AIM OF THE TASK:
Output, exactly as written, the lines below starting at the line containing "Neoclassical style carved Dolphins" and ending at the line containing "Offered for sale". Drop the pictures and keep both end lines.

DATA EXTRACTS:
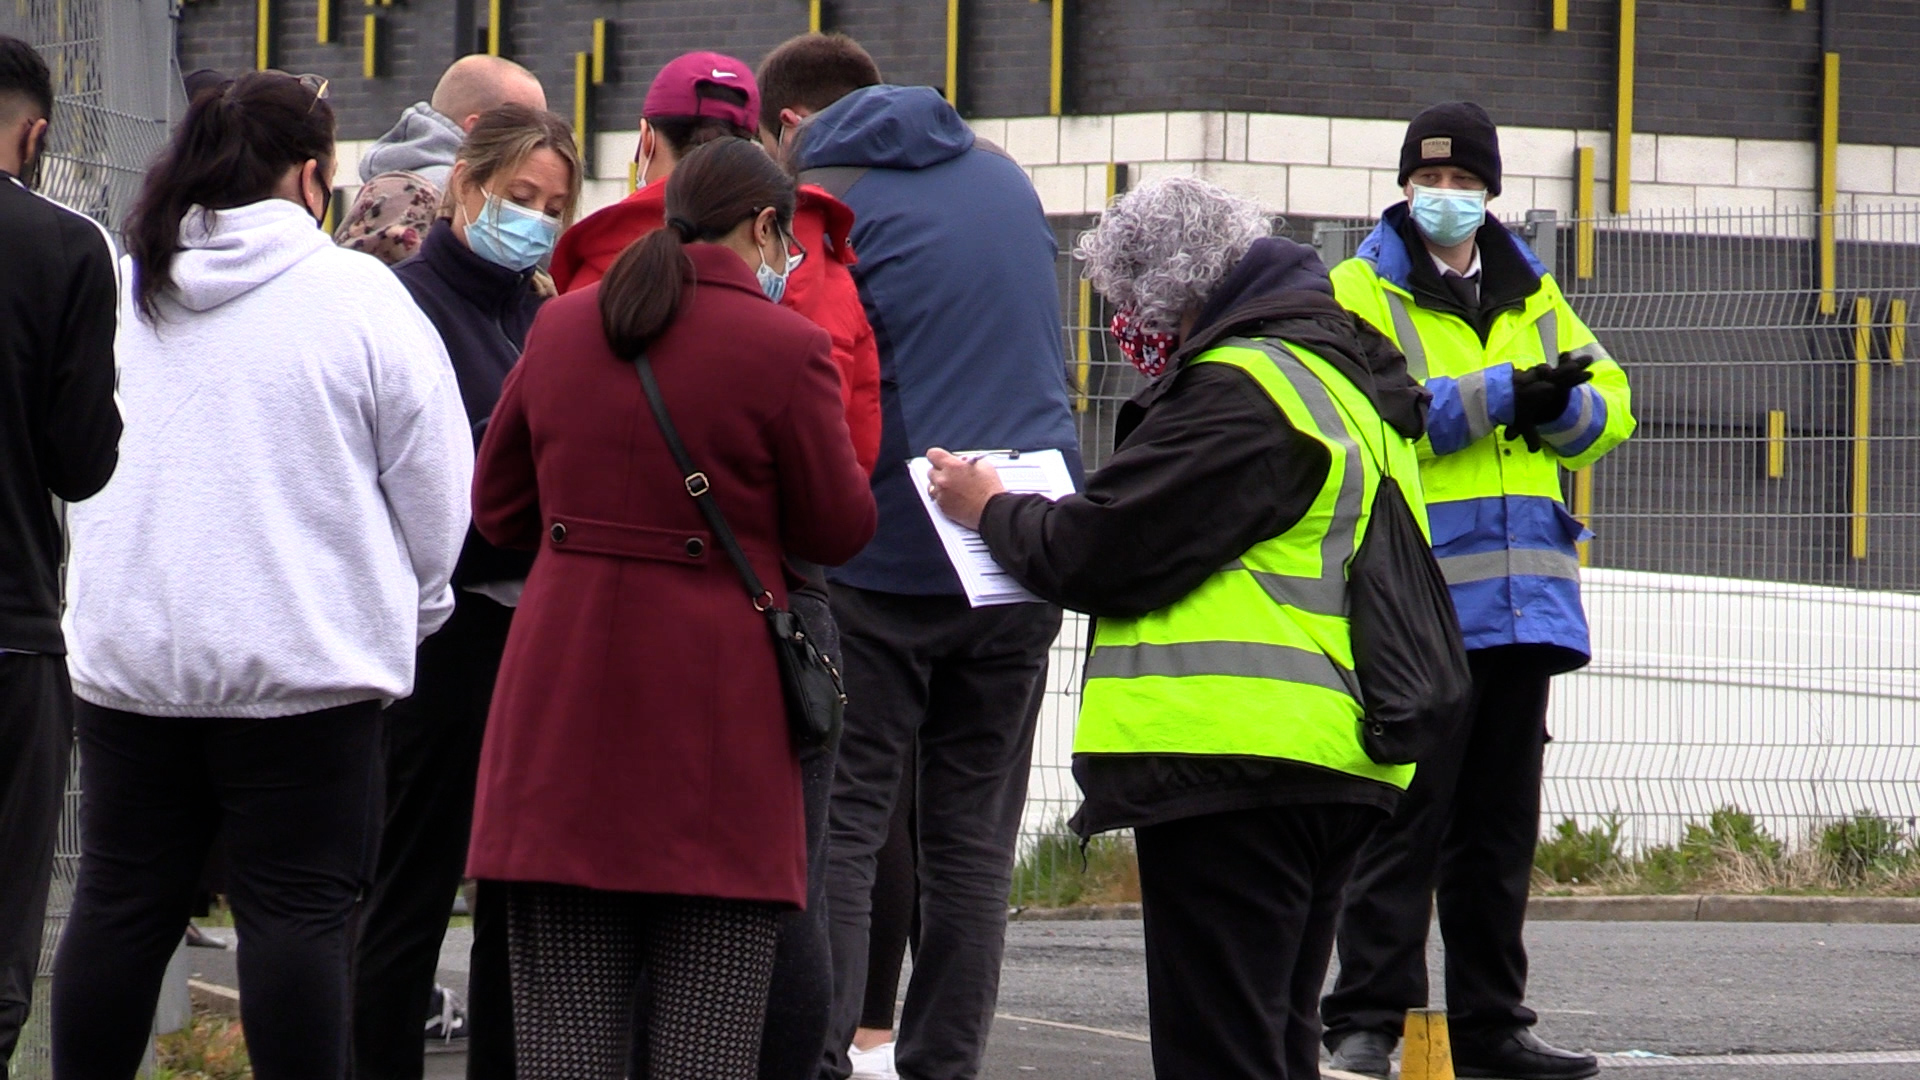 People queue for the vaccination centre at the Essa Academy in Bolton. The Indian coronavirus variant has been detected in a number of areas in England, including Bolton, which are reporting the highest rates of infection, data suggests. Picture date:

* * *

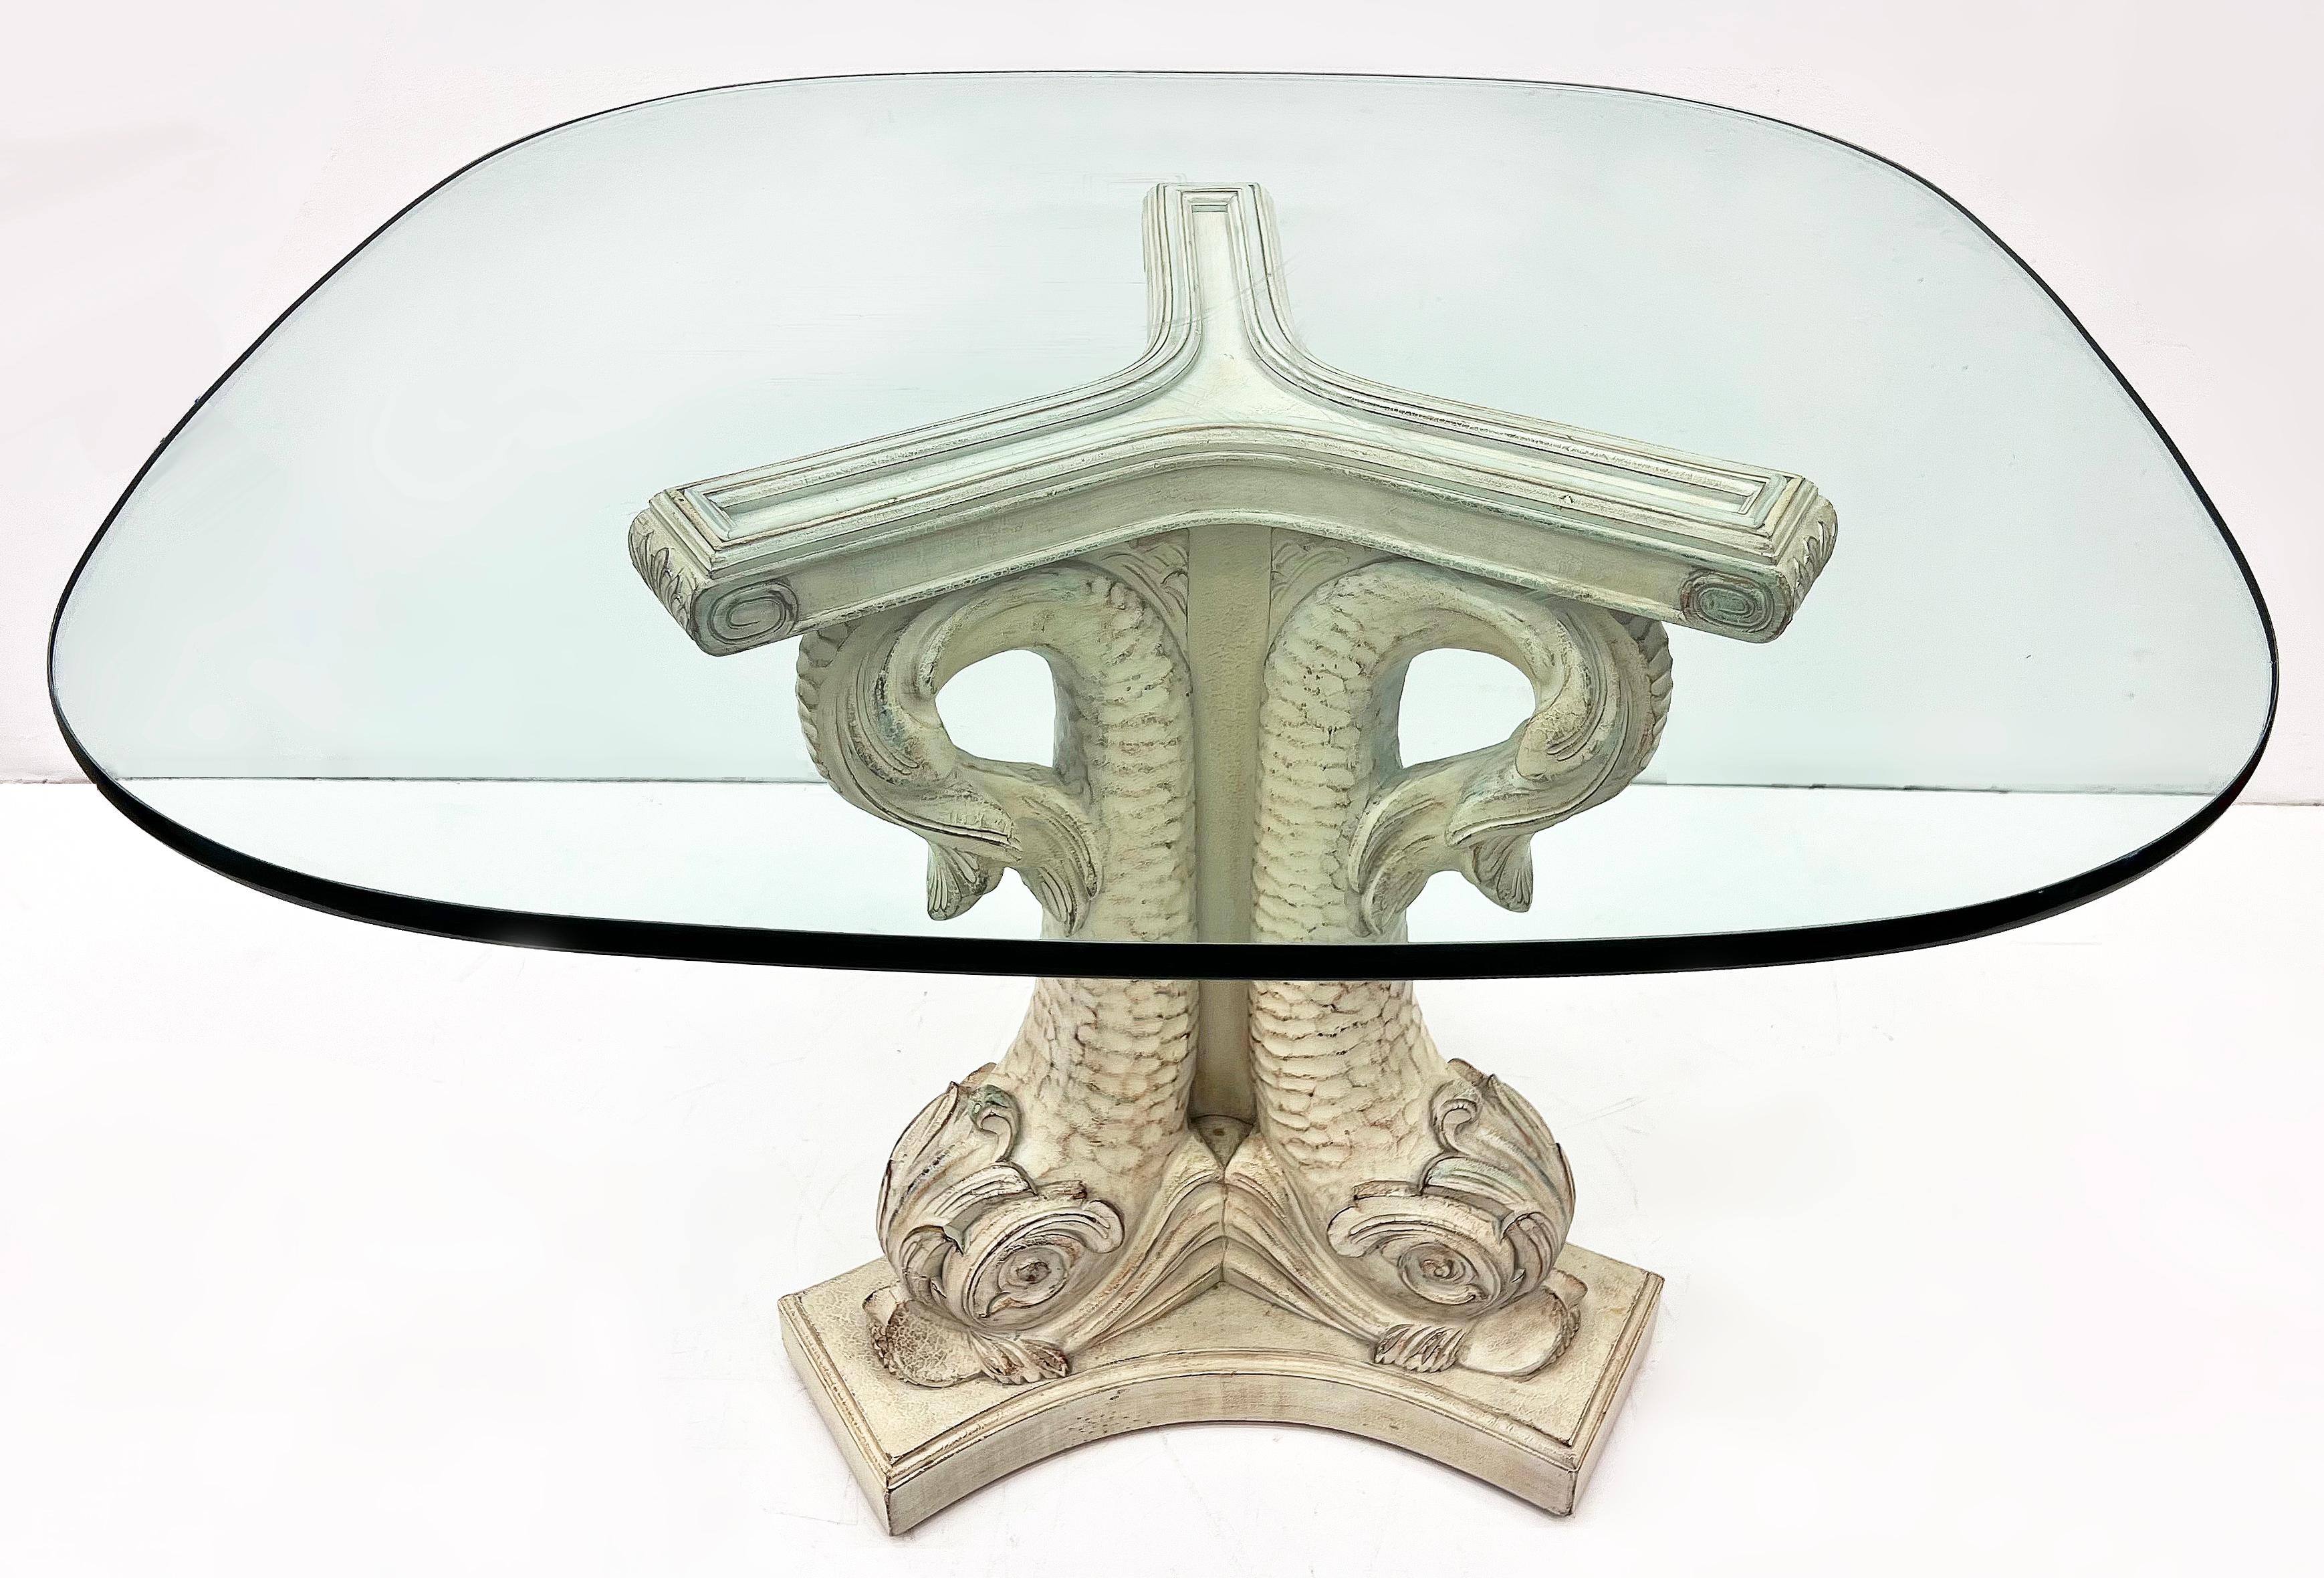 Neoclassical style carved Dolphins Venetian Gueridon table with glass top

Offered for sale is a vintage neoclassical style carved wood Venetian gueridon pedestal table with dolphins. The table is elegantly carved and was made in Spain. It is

* * *

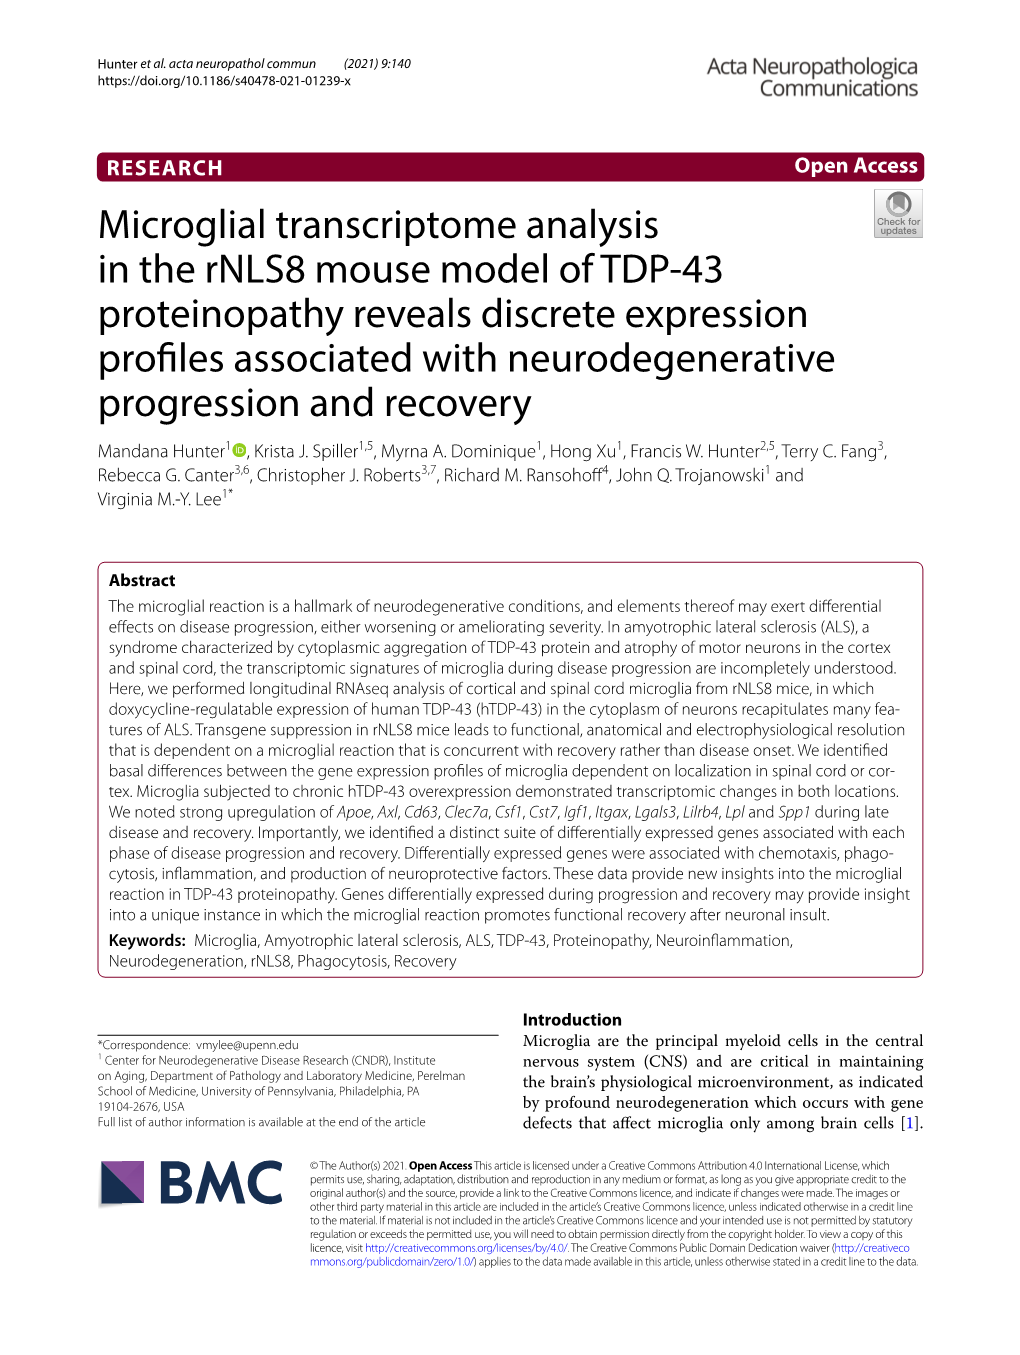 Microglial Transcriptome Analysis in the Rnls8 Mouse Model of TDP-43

ANSWER FOR THIS EXERCISE:
 Neoclassical style carved Dolphins Venetian Gueridon table with glass top

Offered for sale is a vintage neoclassical style carved wood Venetian gueridon pedestal table with dolphins. The table is elegantly carved and was made in Spain. It is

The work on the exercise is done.